Sayf al-Dawla has remained to this day one of the best-known medieval Arab leaders. His bravery and leadership of the war against the Byzantines, despite the heavy odds against him, his literary activities and patronage of poets which lent his court an unmatched cultural brilliance, the calamities which struck him towards his end—defeat, illness and betrayal—have made him, in the words of Th. Bianquis, "from his time until the present day", the personification of the "Arab chivalrous ideal in its most tragic aspect".
Nevertheless, the picture presented by his contemporaries on the impact of Sayf al-Dawla's policies is less favourable: the 10th-century chronicler Ibn Hawqal, who travelled the Hamdanid domains, paints a dismal picture of economic oppression and exploitation of the local people, linked with the Hamdanid practice of expropriating extensive estates in the most fertile areas and practising a monoculture of cereals destined to feed the growing population of Baghdad.
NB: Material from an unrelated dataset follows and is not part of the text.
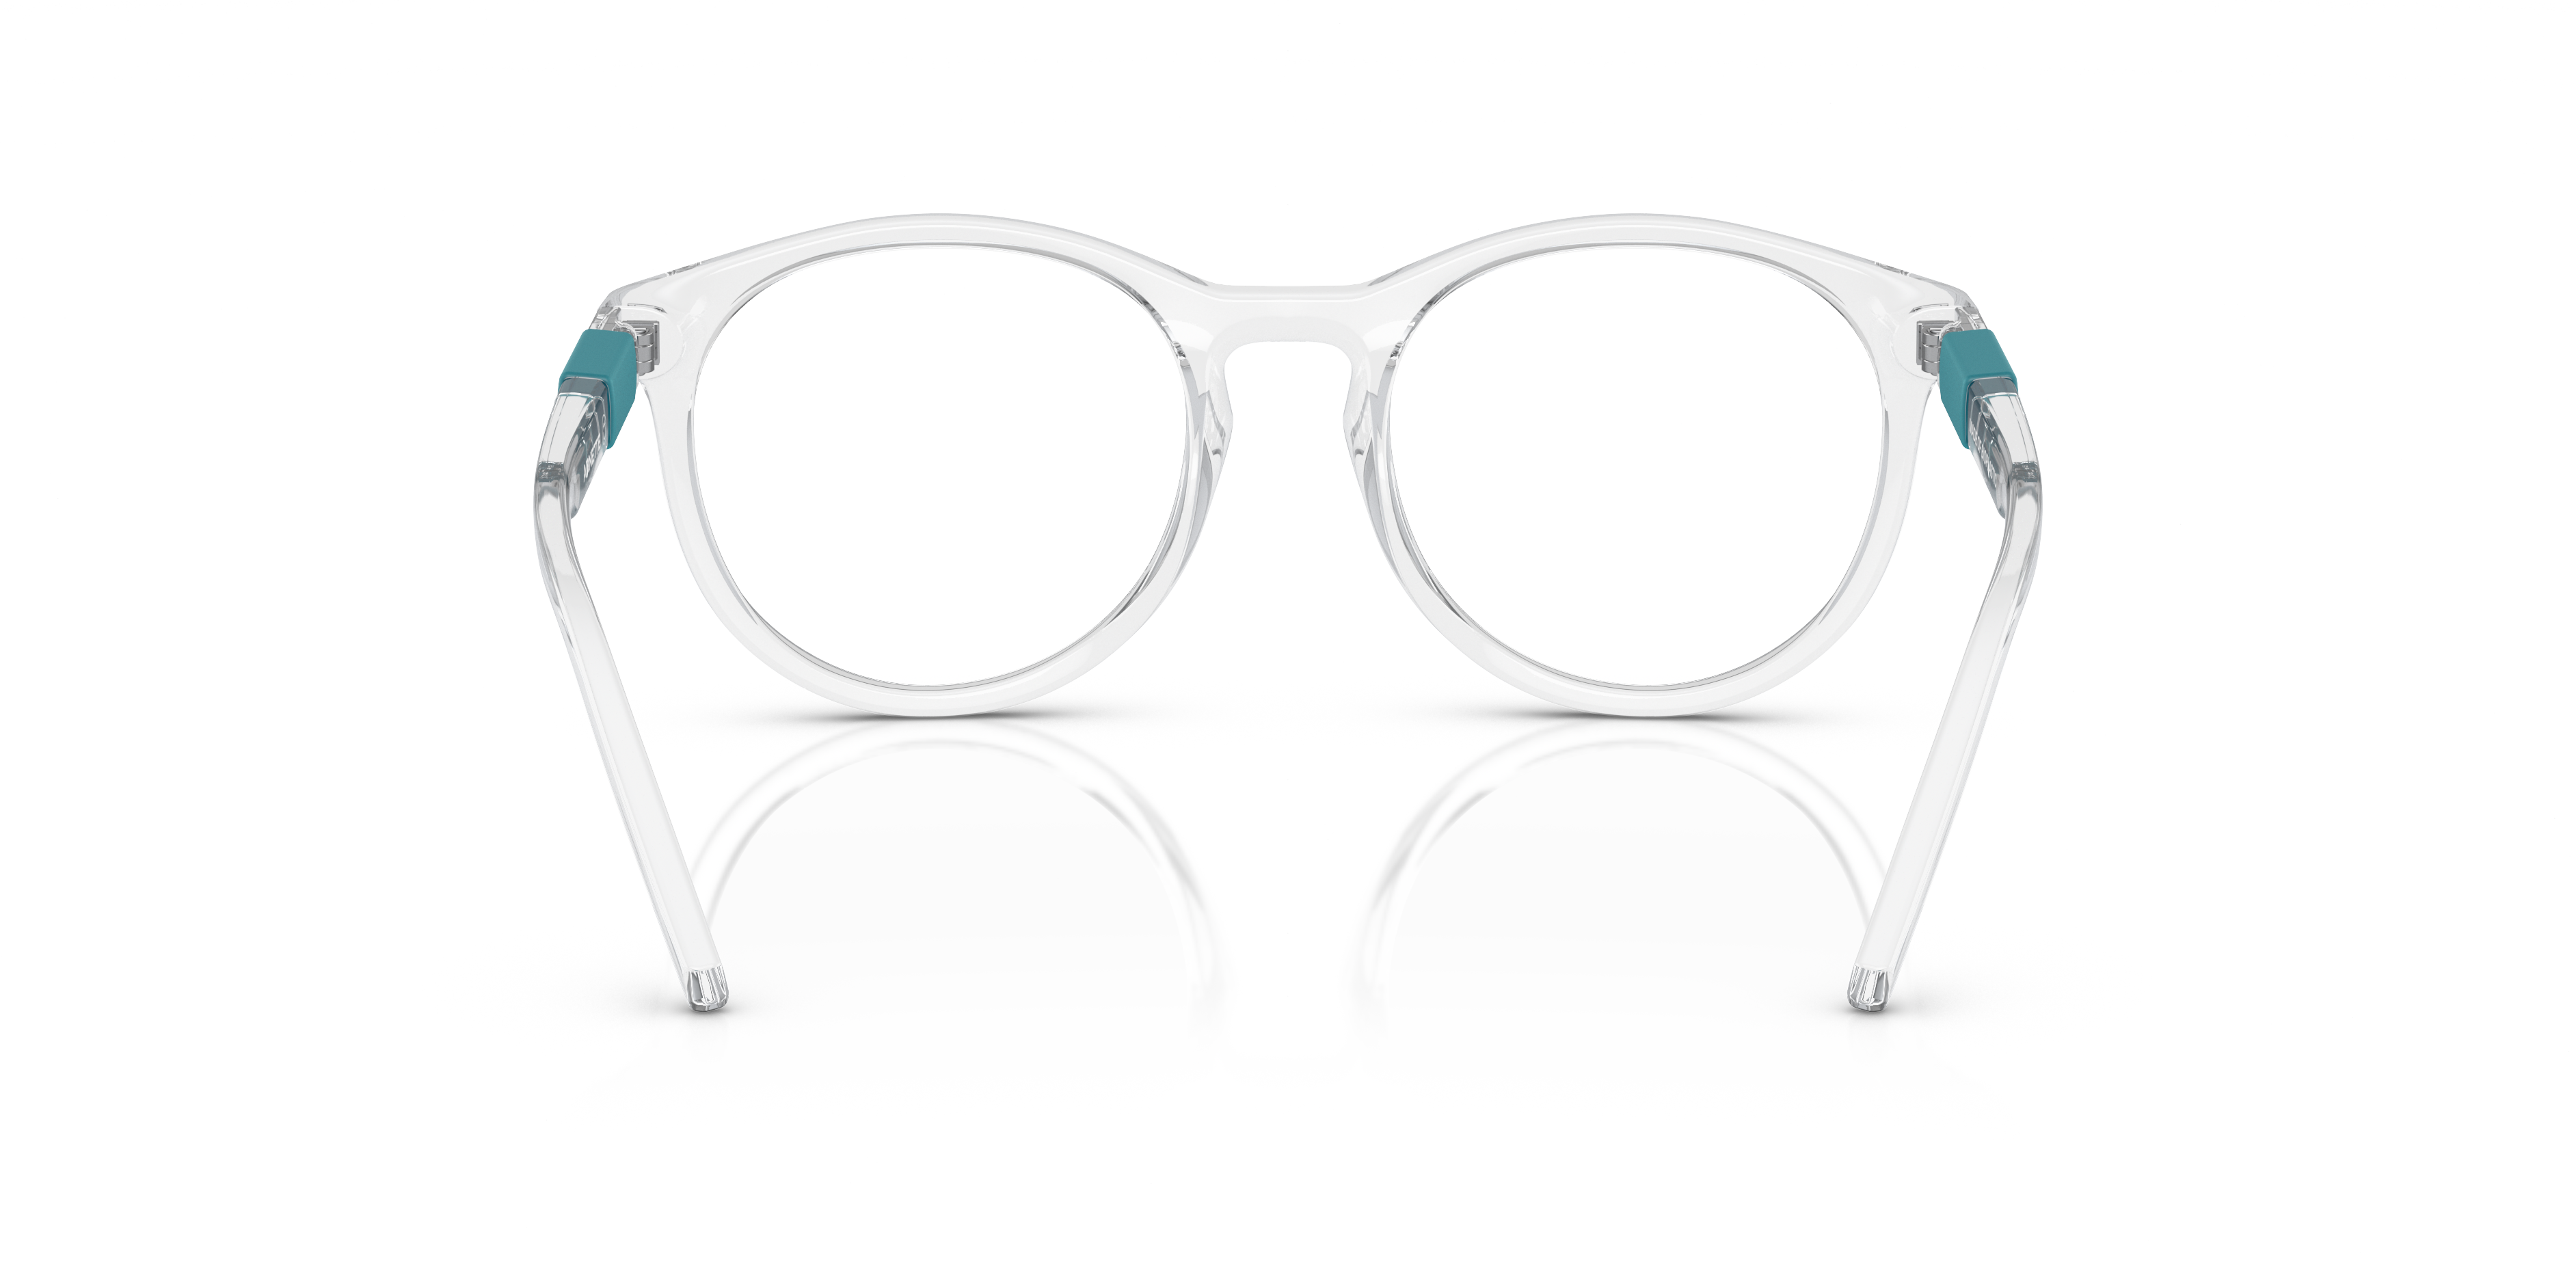 Detail02 Arnette AN 7225 Children's Glasses Transparent / Transparent, Clear
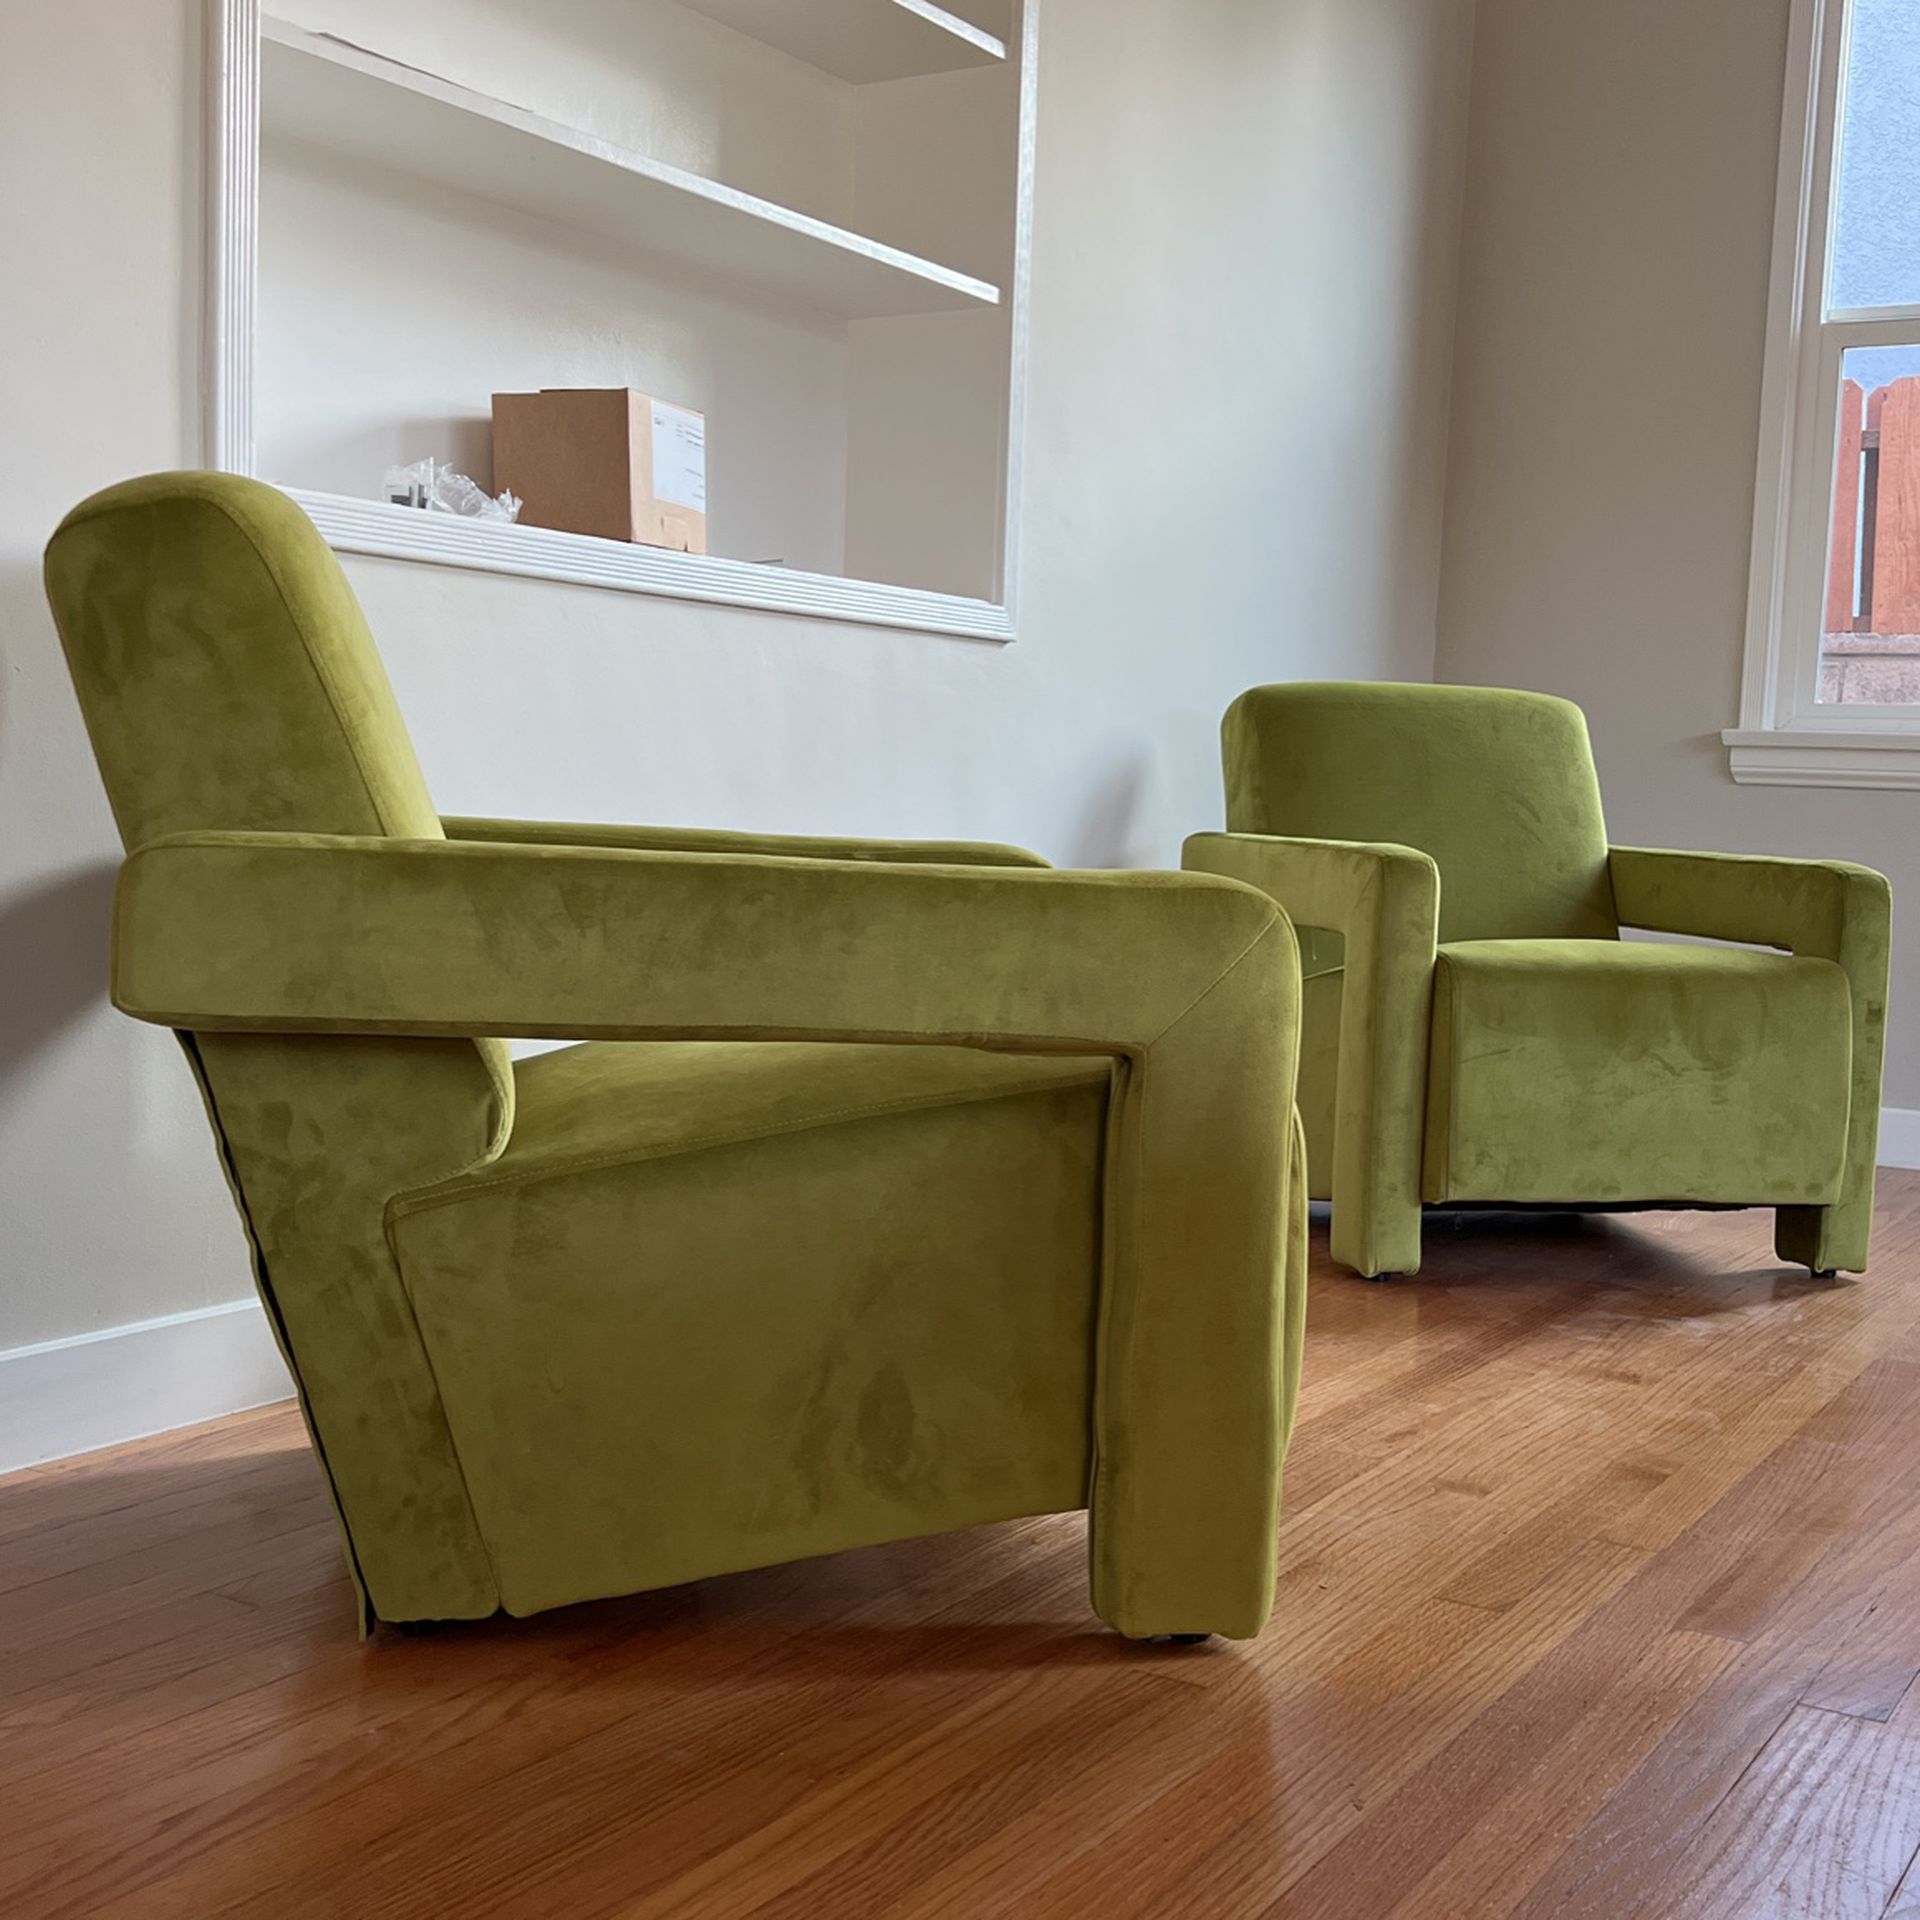 2 Accent Chairs - Olive velvet Midcentury modern

This was coupled with heavy taxation, so that Sayf al-Dawla and Nasir al-Dawla are said to have become the wealthiest princes in the Muslim world. This allowed them to maintain their lavish courts, but at a heavy price to their subjects' long-term prosperity. According to Hugh Kennedy "even the capital of Aleppo seems to have been more prosperous under the following Mirdasid dynasty than under the Hamdanids", while Bianquis claims that Sayf al-Dawla's wars and economic policies both contributed to a permanent alteration in the landscape: "by destroying orchards and peri-urban market gardens, by enfeebling the once vibrant polyculture and by depopulating the sedentarised steppe terrain of the frontiers, the Hamdanids contributed to the erosion of the deforested land and to the seizure by semi-nomadic tribes of the agricultural lands of these regions in the 11th century".
His military record was also, in the end, one of failure: the Byzantine advance continued after his death, culminating in the fall of Antioch in 969. Aleppo was transformed into a vassal state tributary to Byzantium, and for the next fifty years it would become the bone of contention between the Byzantines and a Muslim power new to the Middle East, the Egypt-based Fatimid Caliphate. The Hamdanids' military defeat was in the end inevitable, given the disparity of strength and resources with the Empire. This was compounded by the failure of Nasir al-Dawla to support his brother in his wars against Byzantium, by the Hamdanids' preoccupation with internal revolts, and the feebleness of their authority over much of their domains. As the historian Mark Whittow comments, Sayf al-Dawla's martial reputation often masks the reality that his power was "a paper tiger, short of money, short of soldiers and with little real base in the territories he controlled".